# Magia General > Lo Mejor y lo peor >  Atrosphere Mini

## Daniel

Nombre: Atrosphere Mini

Se pude comprar en: www.tiendamagia.com

Precio: 7.99 €

Creador: ?

Examinable: No, como todas las bolas flotantes

Dificultad: Nada mas abrir la caja lo ejecute, pero como siempre hay que ensayar, esto no es la "purga benito"

Puntaje de 1 a 10: 8. Muy Bueno. Buen producto en el cual invertir tu dinero. 
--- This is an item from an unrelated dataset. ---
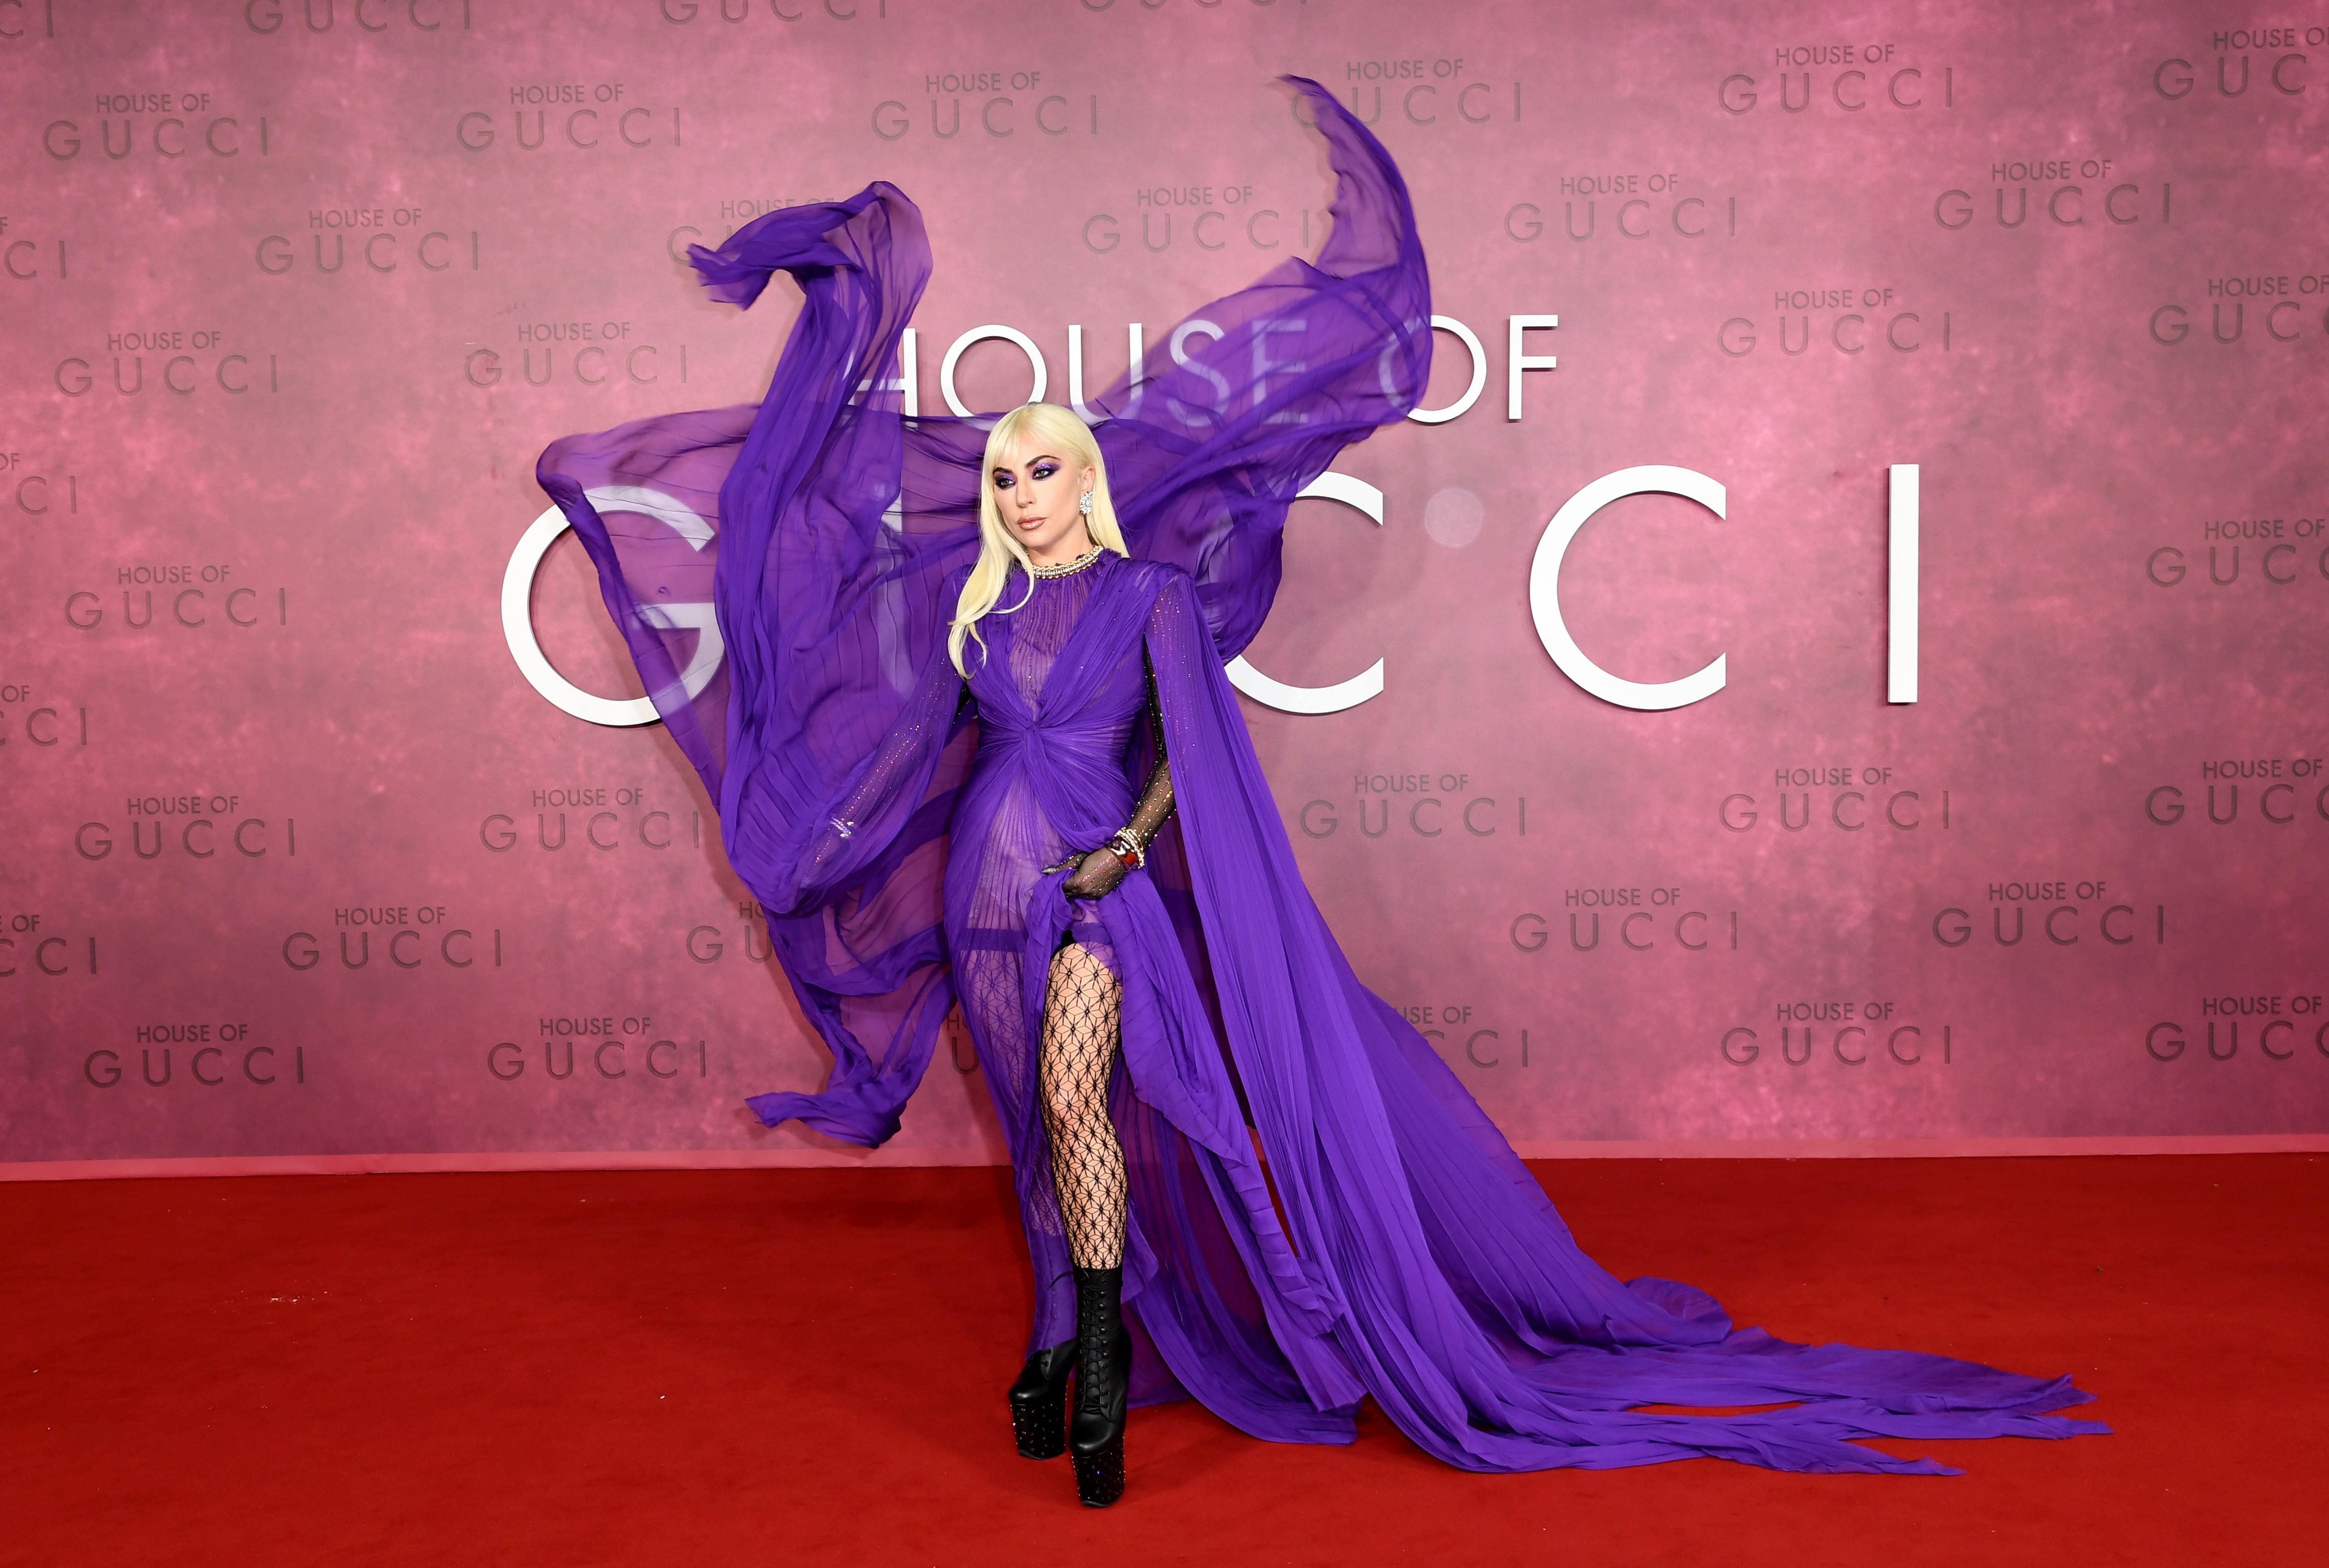 London, England - November 9: Lady Gaga attended the UK premiere "Gucci House" At Odeon Luxe Leicester Square on November 09, 2021 in London, England.  (Photo by Gareth Cattermole/Getty Images for Metro-Goldwyn-Mayer Studios and Universal Pictures) (Foto: Gareth Cattermole/Getty Images f)

Efecto Bola que flota con pañuelo transparente

Comentarios Un efecto buenisimo, yo lo llamaría " La bola zombie 2 " claro, sólo son opiniones mias. La bola flota haciendo circunferencias. Muy bonito el efecto, ya que al ser el pañuelo transparente, no cabe la idea en el espectador del gimmick.

----------


## jido

Hola Daniel.
Me ha intersado mucho tu comentario. Hace poco adquirí la bola zoombie y es imejorable. Ahunque exije mucha práctica. Hace un mes que estoy practicando a mis ratos libres y ahun no me considero preparado para exibirlo.

¿Este efecto que comentas también presenta mucha dificultad?
¿Y permite tantos movimientos como la bola zoombie?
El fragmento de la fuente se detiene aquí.